La scène politique tchèque éclaboussée par «l’Affaire toscane»

Bien que les législatives anticipées soient encore relativement loin, la scène politique tchèque est d’ores est déjà secouée par une série de scandales qui accompagnent d'habitude les campagnes électorales. Dernièrement, une série de photos et de vidéos repris par les médias a révélé comment certains hommes politiques tchèques passaient leurs vacances, faisant ainsi rejaillir des soupçons de clientélisme.

Ce sont l’ancien Premier ministre et chef du Parti civique démocrate (ODS), Mirek Topolánek, et le vice-président de la social-démocratie, Milan Urban, qui sont les protagonistes de cette idylle vacancière qui a tourné au scandale. Des photos et documents vidéo les montrent dans le centre touristique de Monte Argentario, en Toscane, dans des situations assez délicates. Mirek Topolánek ne peut nier y avoir rencontré Martin Roman, le chef de ČEZ, la plus grande société productrice d’électricité en Tchéquie. Et Milan Urban, lui, ne peut qu´avouer avoir accepté l’invitation sur le yacht du lobbyiste influant de ČEZ Vladimir Johannes. C’est l’ancien directeur des services secrets, Karel Randák, qui a mis ces documents à la disposition de la presse, mais il nie fermement être l’auteur des photos compromettantes:

«J’ai appris que quelqu’un prenait certaines photos. J’ai repéré les auteurs de ces photos et j’ai constaté qu’il était dans mes possibilités d’avoir accès à ces documents. Et vous connaissez le reste.»

Karel Randák
La presse se lance maintenant dans des spéculations sur les relations existantes entre les hommes politiques et les chefs de grandes entreprises, et rappelle surtout que récemment le Parlement s’est montré extrêmement généreux vis-à-vis des grands producteurs d’énergie. En effet, il y a quelques semaines, les députés ont décidé de mettre gratuitement à la disposition de ces entreprises les permis d’émissions de gaz à effet de serre pour 68 milliards de couronnes, quelque 2,6 milliards d’euro. Du coup, chaque contact entre des hommes politiques et des producteurs d’énergie devient fort délicat. C’est ce qu’affirme aussi Karel Randák:

«Quand je pense qu’une chose devrait être révélée à la population et quand j’ai accès à ce genre d’informations, je ne vois aucune raison de ne pas le faire. Si les personnes qui figurent sur ces photos se rencontrent, ce qui est une évidence parce qu’elles se sont rencontrées à plusieurs reprises, ce n’est pas bien, surtout quand nous voyons ce phénomène à travers le prisme de ce qui se passe autour des entreprises publiques, semi-publiques, etc.»

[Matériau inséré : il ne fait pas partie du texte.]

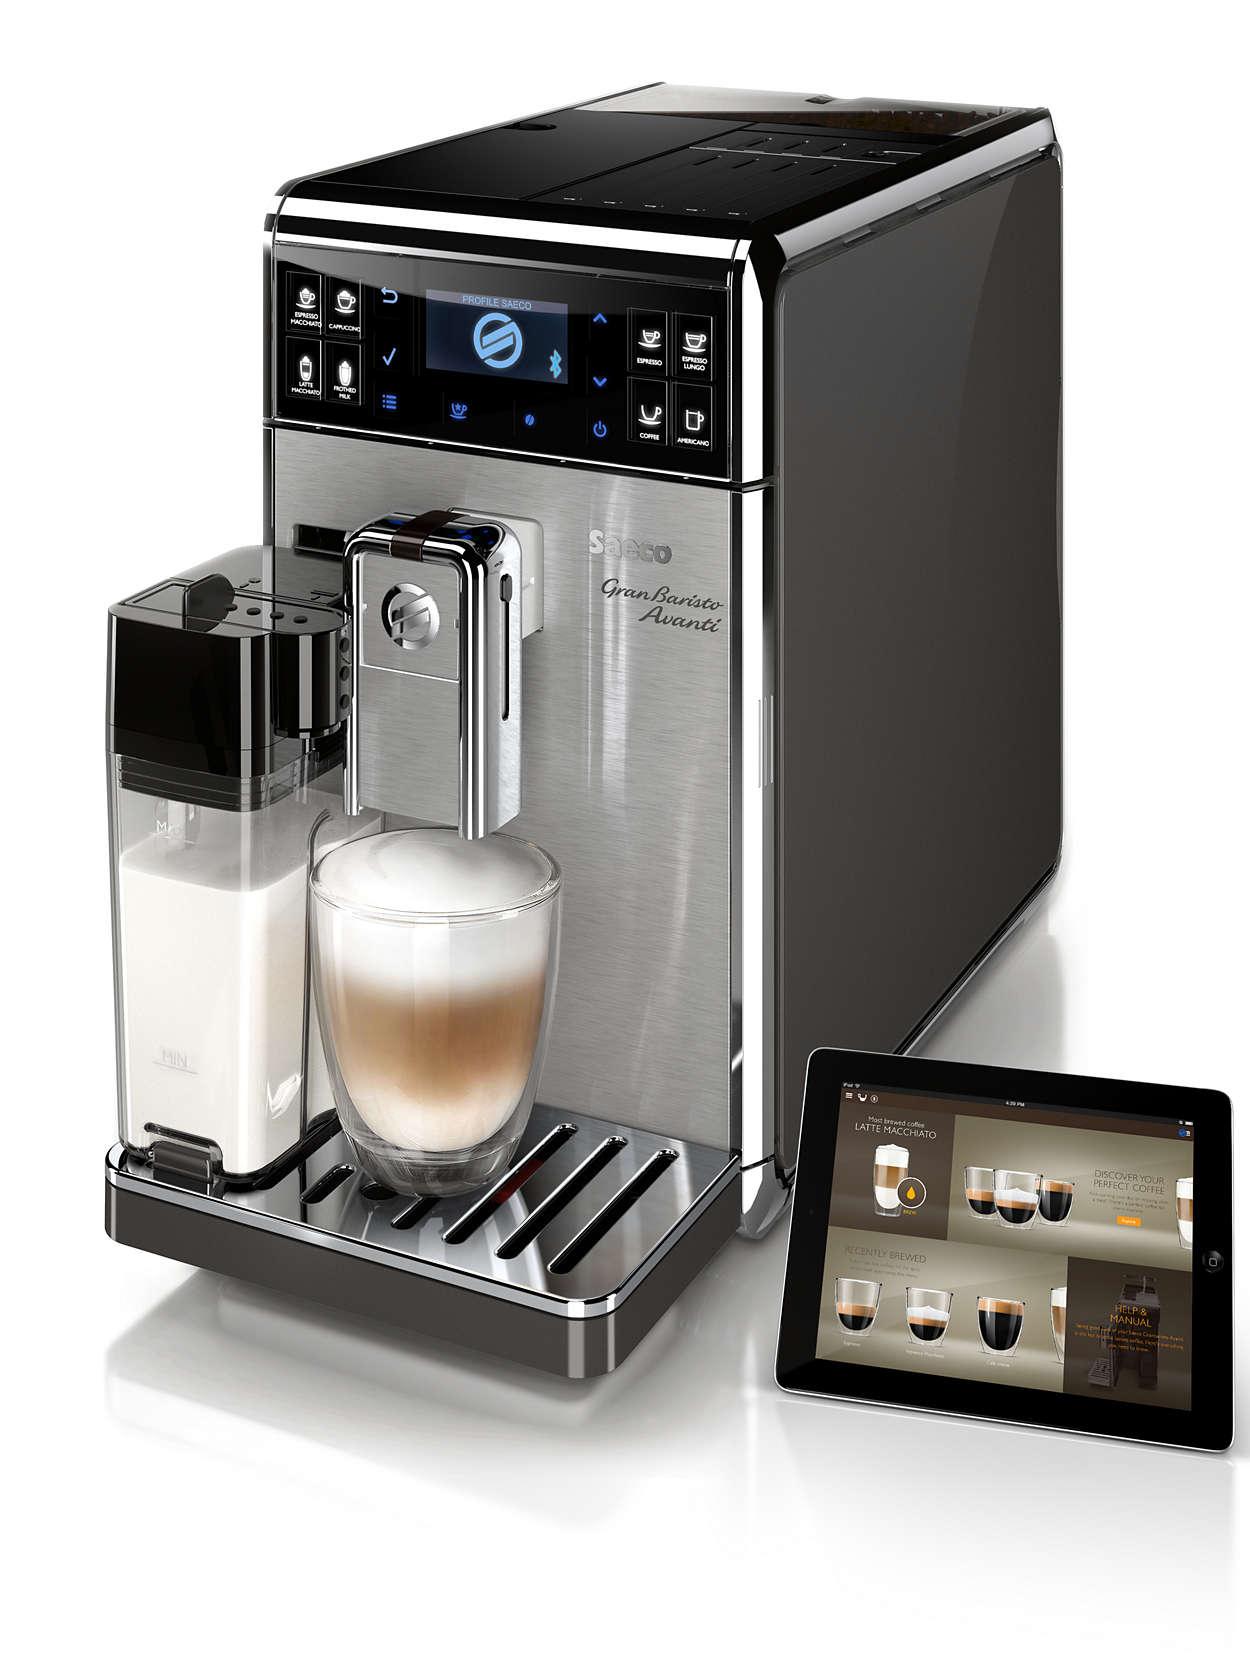 Saeco Granbaristo Avanti Super Automatic Espresso Machine

Selon le politologue Jan Bureš, l’Affaire toscane risque d’avoir des conséquences plus générales:

«De telles affaires nuisent évidemment aux deux grands partis, le Parti civique démocrate et la social-démocratie, mais nuisent aussi à la crédibilité de la politique tchèque en général. Le citoyen ne peut que constater que les hommes politiques, tous ensemble, manigancent avec les directeurs des grandes entreprises, concoctent des commandes pendant leurs vacances, permettent qu’on leur paye des séjours de vacances, etc, etc. Bref, tout cela ne fait que compromettre le système politique aux yeux des citoyens.»

Est-ce déjà une bataille de la guerre électorale entre les deux plus grand partis politique tchèques ou est-ce plutôt, comme le laisse entendre le journal Mladá fronta Dnes, un règlement de comptes entre des rivaux sans scrupules à l’intérieur de ces partis? Les politologues n’excluent ni l’un ni l’autre scénario et il est maintenant à l’électeur d’en tirer les conséquences.